■ **Given data**:

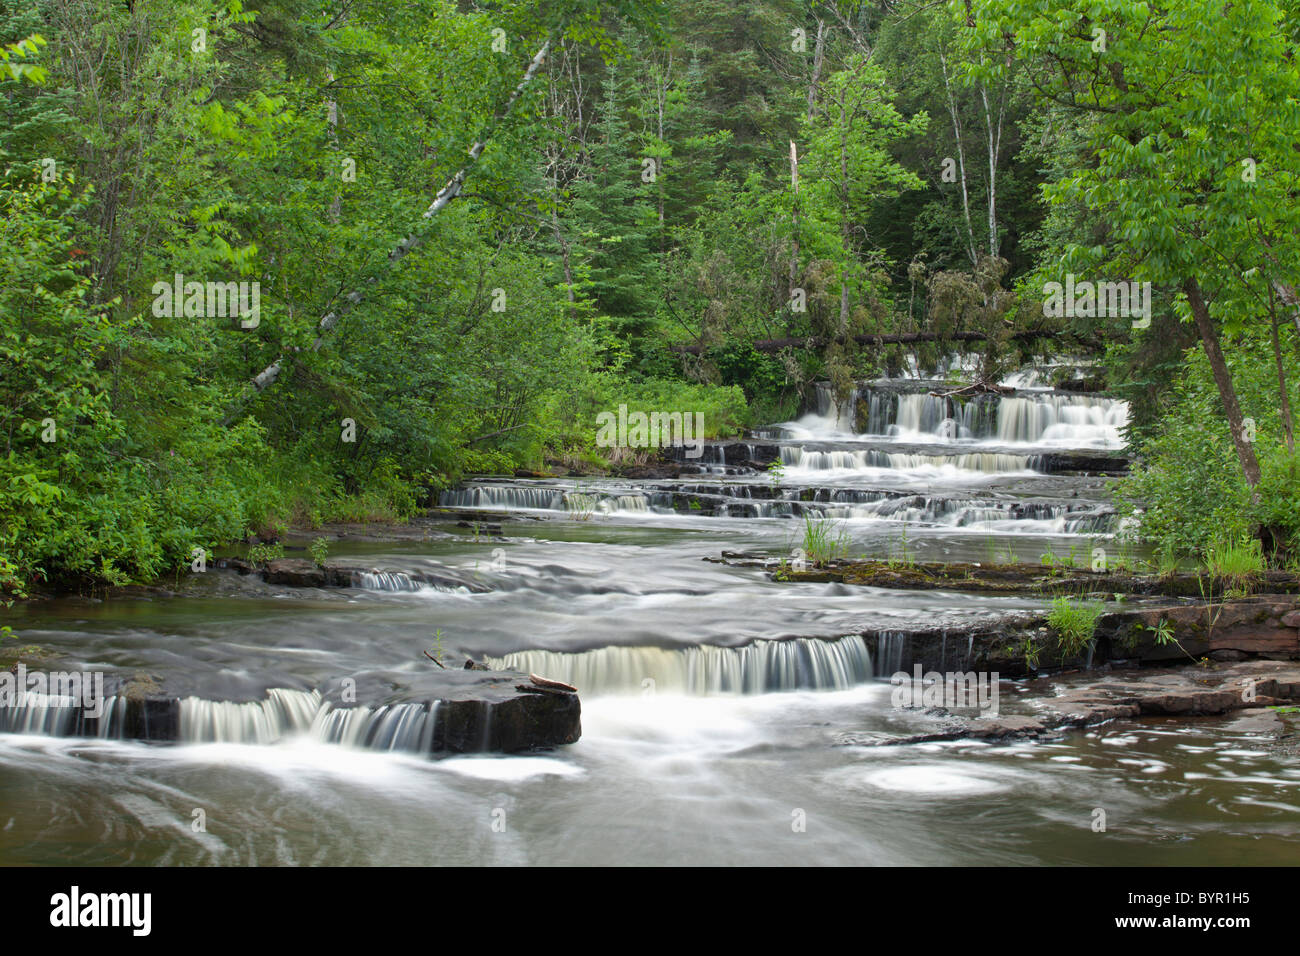 cascading falls along a creek; thunder bay, ontario, canada Stock Photo
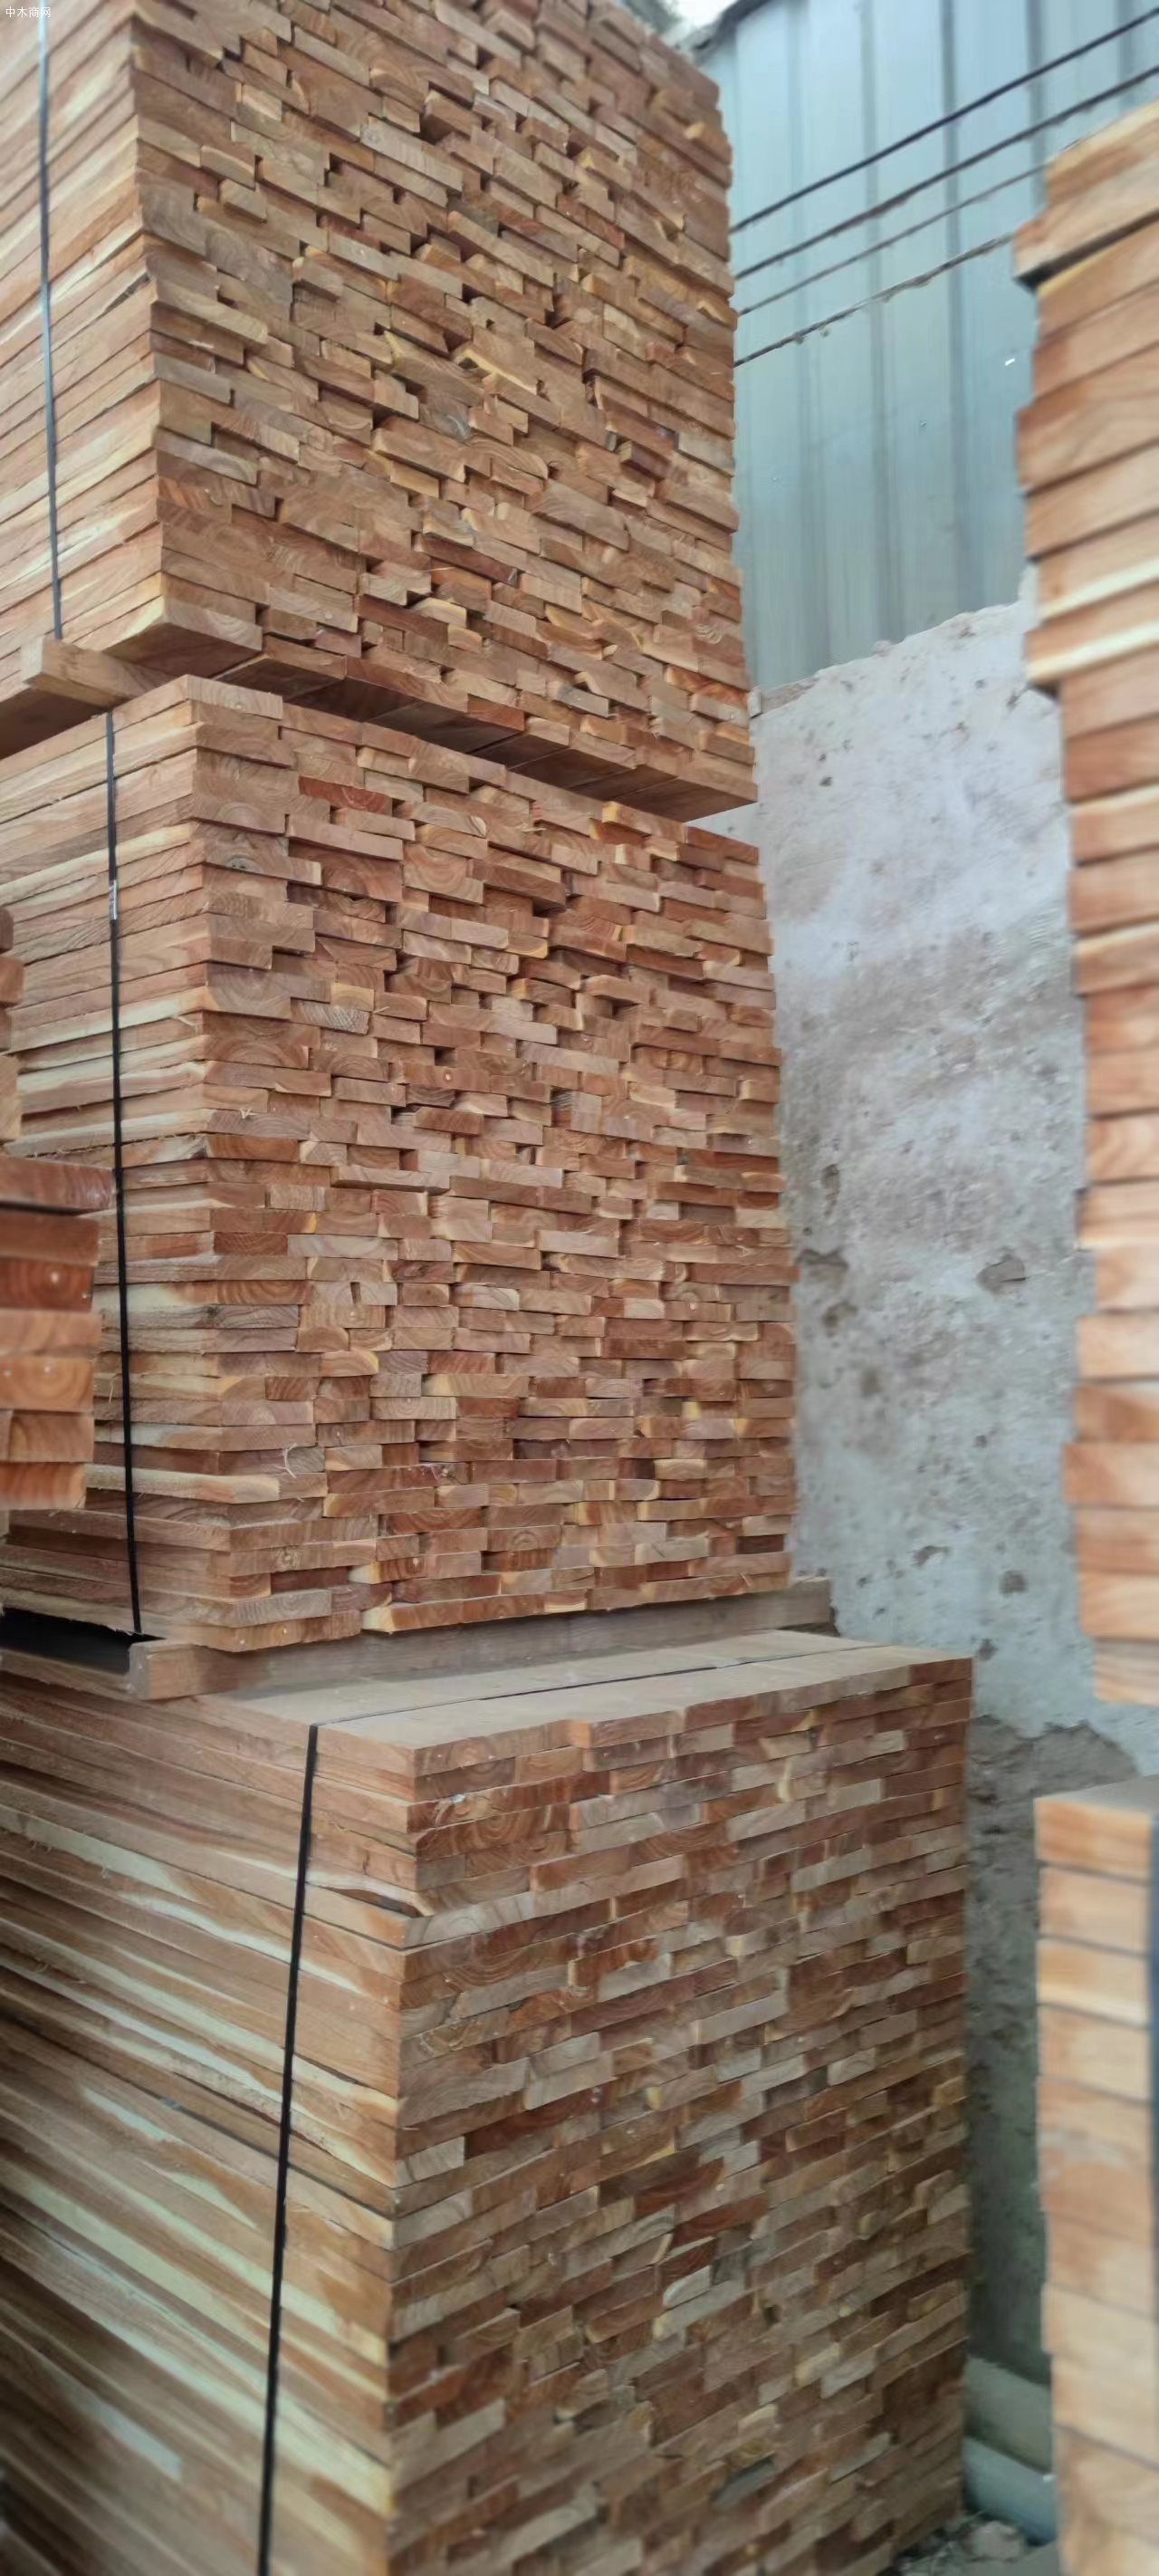 临颍优浩木业苦楝木烘干板材多少钱一吨批发
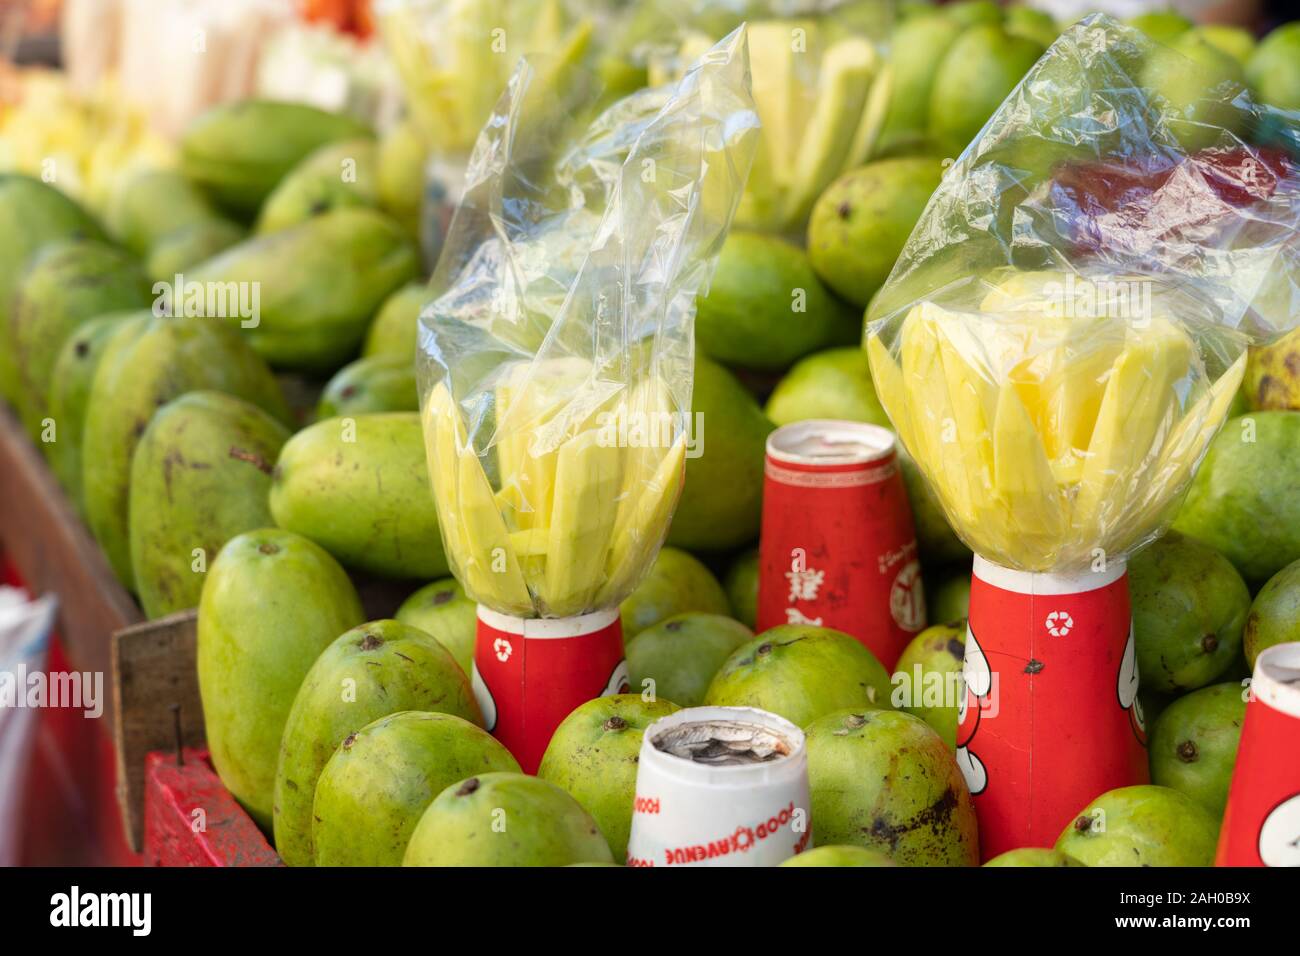 Un preferito snack street food comunemente venduti nelle Filippine,fette di acerbi green mango che hanno un sapore amaro. Normalmente cosparsi di sale quando Foto Stock

■ **Requirement**:
Please print exactly the lines from the one holding "临颍优浩木业苦楝木烘干板材多少钱一吨批发" through the final line of the data above, including both, and skip all pictures.

■ **Exercise output**:
 临颍优浩木业苦楝木烘干板材多少钱一吨批发
 Un preferito snack street food comunemente venduti nelle Filippine,fette di acerbi green mango che hanno un sapore amaro. Normalmente cosparsi di sale quando Foto Stock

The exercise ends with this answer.